How to Stay Positive When Disaster Strikes

Seeing your home and all its memories destroyed in a catastrophe is a heavy blow that strikes you deeply in your soul. Some never recover from the trauma while others come out stronger from the experience. Until disaster strikes, you may not know how you will respond. And when that happens, staying positive can seem impossible — unfair even. However, no matter how angry or sad you may be, staying angry and sad is counterproductive. As with most other things, situations often become self-fulfilling prophecies. Try to stay positive when disaster strikes and the consequences will be much easier to deal with.

Steps to stay positive:

• Count what has been bestowed upon you. Your house may be a pile of sticks, but if you and your family are alive and well, you have a lot to be thankful for.

• Know that you are not alone. When a disaster strikes a community, the entire community is affected. While your suffering may be great, so are others. Literally, your neighbors feel your pain. Many disaster victims have found solace in consoling each other.

• Realize that help is available. As devastating as it may be, it’s doubtful you’ll ever be completely alone. Emergency relief from local, state, and federal agencies as well as nonprofits will arrive in the near term while long-term relief will come, including disaster assistance, grants, loans, housing, and other disaster assistance programs. Be sure to go to disaster recovery centers set up by disaster responders and agencies and find out what help is available to you.
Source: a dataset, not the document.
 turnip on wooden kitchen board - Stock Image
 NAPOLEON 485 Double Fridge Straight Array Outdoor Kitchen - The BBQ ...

As you become more educated about what the future holds and the help available, you will become less certain which makes it easier to maintain a positive attitude.

• Take action. While it may be tempting to play the victim and continue to grieve the losses, taking action can have a healing effect. It pushes you forward and shows that you have some control over your situation. Empower yourself by volunteering to help others who are in a worse situation than you are, removing debris as soon as it is safe to do so, starting the insurance claims process, offering assistance or loans, etc. If you see a need, do what you can to fill it. For example, instead of worrying about your kids missing school for months at a time, organize study groups for neighborhood kids to keep them focused and in a routine.

All of the above steps can help you move from a state of shock and grief to a state of peace and action. But what if you are incapacitated or lose a loved one as a result of the disaster? Staying positive in these situations is even more difficult when you feel as though you have no grace to reckon with or are so hurt you can do nothing but lie in a hospital bed. Here are some tips that may help you:

• Allow yourself to grieve. If you have lost loved ones, grief is a natural process that should not be ignored even if you have insurance papers to file and no place to call home. You may have to move quickly and feel as though you don’t have time to grieve fully. When this happens, promise yourself that you will soon honor your lost loved ones. Give yourself permission to attend to your immediate emergency needs now so that you can grieve properly once you are in a safe place.

• Ask for and accept help. Counseling, medical care and disaster assistance programs are available – and people from all over the world will want to help. Many disaster victims are reluctant to accept help or even resist it, but you need support. By allowing your neighbors, family members, friends or volunteers to help you, your eventual recovery will be much easier.

• Remind yourself that being positive doesn’t mean you have to be happy. In fact, you can be incredibly sad, yet positive. tomorrow is another day. You can survive.

Disasters, though horrific, often bring people and communities together. Many disaster victims find that they are stronger than they realised, and despite the misfortune that has fallen their way, they are willing to survive. You are also equipped to survive a disaster and one of the most effective tools you have is your ability to stay positive.